UCSF team shows how to make skinny worms fat and fat worms skinny
Researchers exploring human metabolism at the University of California, San Francisco (UCSF) have uncovered a handful of chemical compounds that regulate fat storage in worms, offering a new tool for understanding obesity and finding future treatments for diseases associated with obesity.
As described in a paper published this month in the journal Nature Chemical Biology, the UCSF team took armies of microscopic worms called C.elegans and exposed them to thousands of different chemical compounds. Giving these compounds to the worms, they discovered, basically made them skinnier or fatter without affecting how they eat, grow, or reproduce.
The discovery gives scientists new ways to investigate metabolism and could eventually lead to the development of new drugs to regulate excessive fat accumulation and address the metabolic issues that underlie a number of major human health problems, including, obesity, diabetes and some forms of cancer.

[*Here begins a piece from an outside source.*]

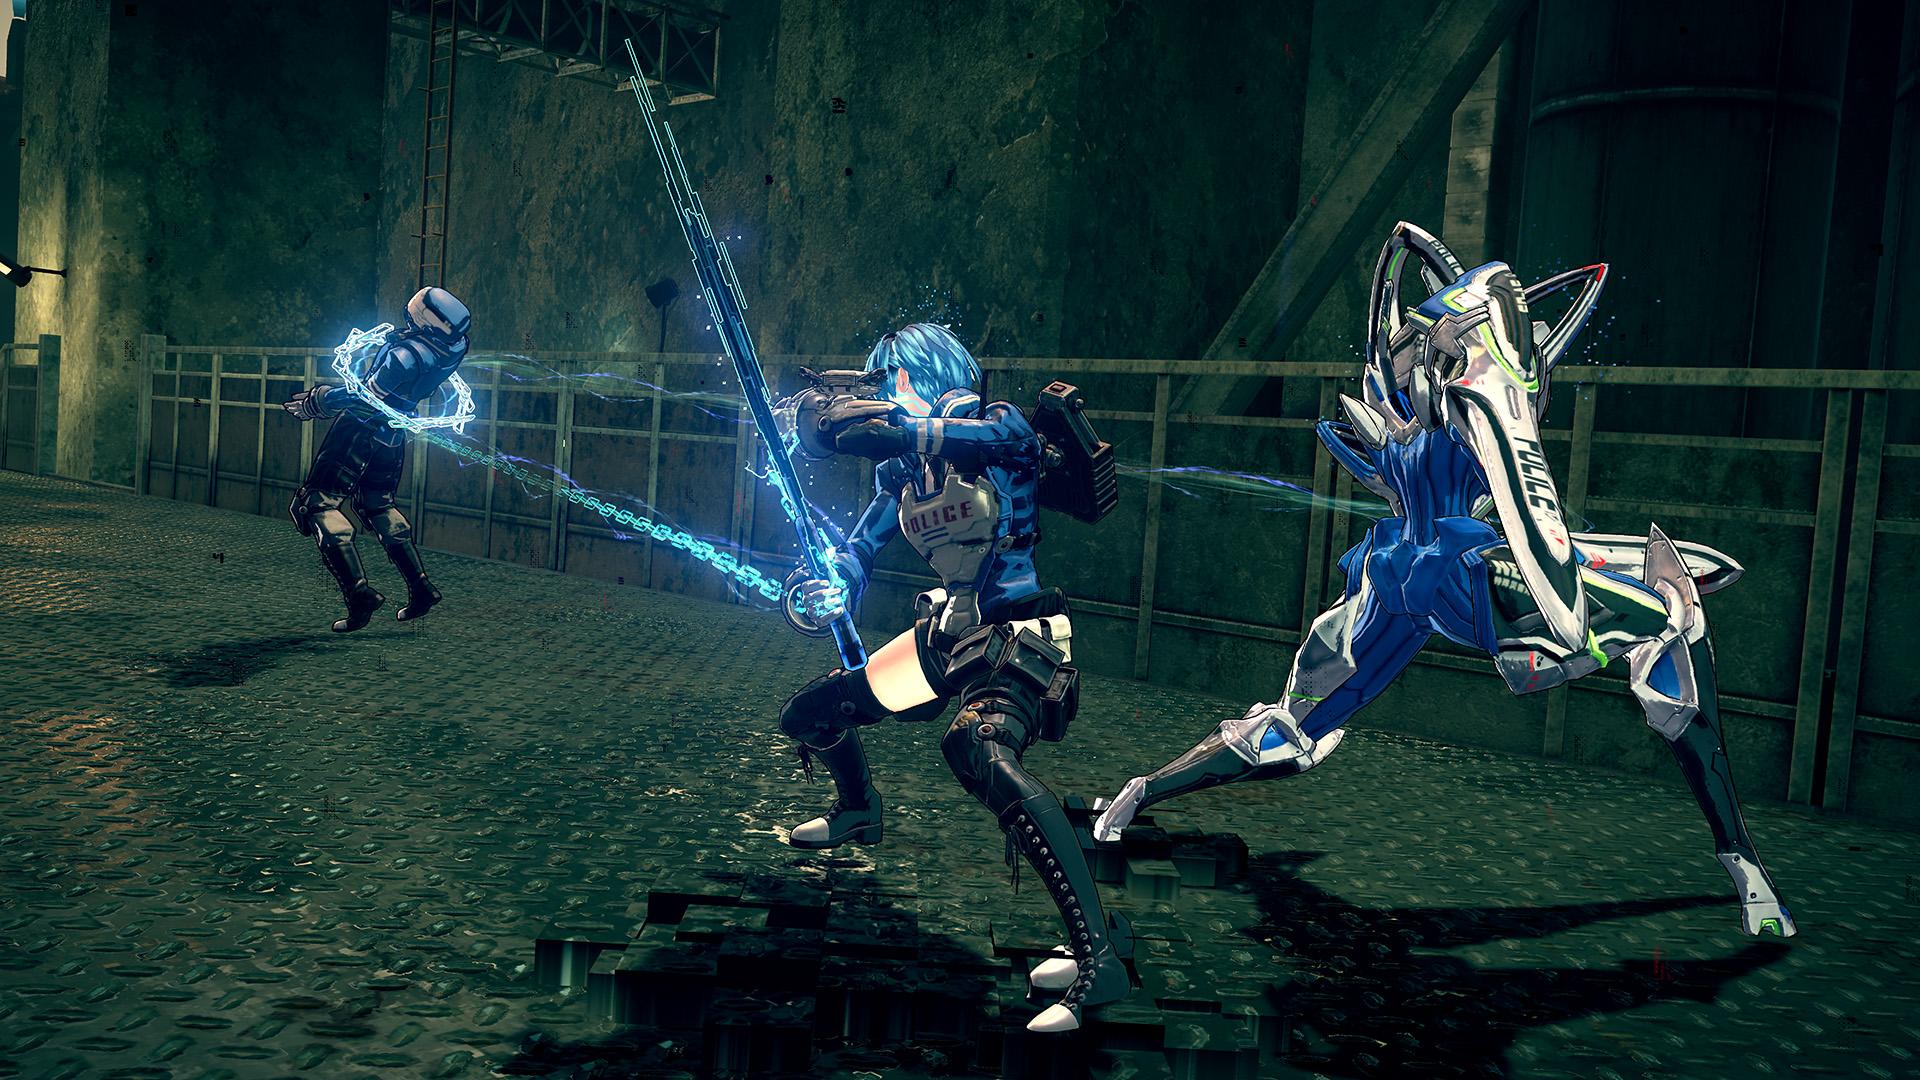 В Astral Chain будет поддержка кооператива для двух игроков

The work also demonstrates the value of "worm screening" as a way of finding new targets for human diseases, according to the UCSF scientists, whose work was spearheaded by postdoctoral fellow George Lemieux, PhD, in the laboratory of Professor Zena Werb, PhD, vice chair of the Department of Anatomy at UCSF.
The work was a collaboration involving Kaveh Ashrafi, PhD, an associate professor in the UCSF Department of Physiology, and Roland Bainton, MD, PhD, an associate professor in residence in the UCSF Department of Anesthesia & Perioperative Care.
Why Worms Are Fat
The UCSF team's interest in how worms deal with fat began with a more fundamental interest in human metabolism. Worms make molecules of fat for the same reasons humans do – they are useful for storing energy and are a basic building block for body tissues. Many of the genes and mechanisms worms use to regulate fat accumulation have similar systems in humans, and not all of them are completely understood.
Starting with 3,200 different chemical compounds and 3,200 pools of tiny worms, the UCSF team used a red dye that sticks to fat molecules to pinpoint under the microscope which of the chemicals made the worms fatter (more red) or skinnier (less red). They identified a few dozen, and performing additional tests, narrowed in on about 10 compounds they believe regulate fat metabolism. Those compounds not only altered fat storage in the worms but in in insect and human cells grown in test tubes, leading Lemieux to comment that they "may be useful for understanding metabolism in other organisms."
One of these compounds modulates a molecular complex called an AMP-activated kinase, which senses the availability of cellular energy. Versions of kinase complexes exist both in worms and humans, and some already are key targets for drug design by pharmaceutical companies.
"The compound that we get from our worm screen can act on this kinase complex as well if not better than anything else that is out there," said Ashrafi.
The real strength of the work, he added, is that it demonstrates the value of the new worm screen over existing screening tools for identifying the genes, proteins and other molecular players involved in human health.
A large part of drug discovery involves identifying these players and designing ways to treat diseases that emerge when they don't work correctly. But identifying the targets is only the beginning. Designing a drug involves overcoming a long list of other hurdles, Ashrafi said, and the bottom line is that most of the potential drugs that seem to work well in the test tube fail to work in people.
The value of the worm screen, he said, is that it allows scientists to select compounds for further study that already work effectively in a whole organism.
"A lot of the drugs that are in clinical use or development today were discovered basically by chance," Ashrafi said. "If we understood everything about everything, we could probably design the right compounds. But the reality is our understanding of many of the biological principles and chemical principles are still in their infancy."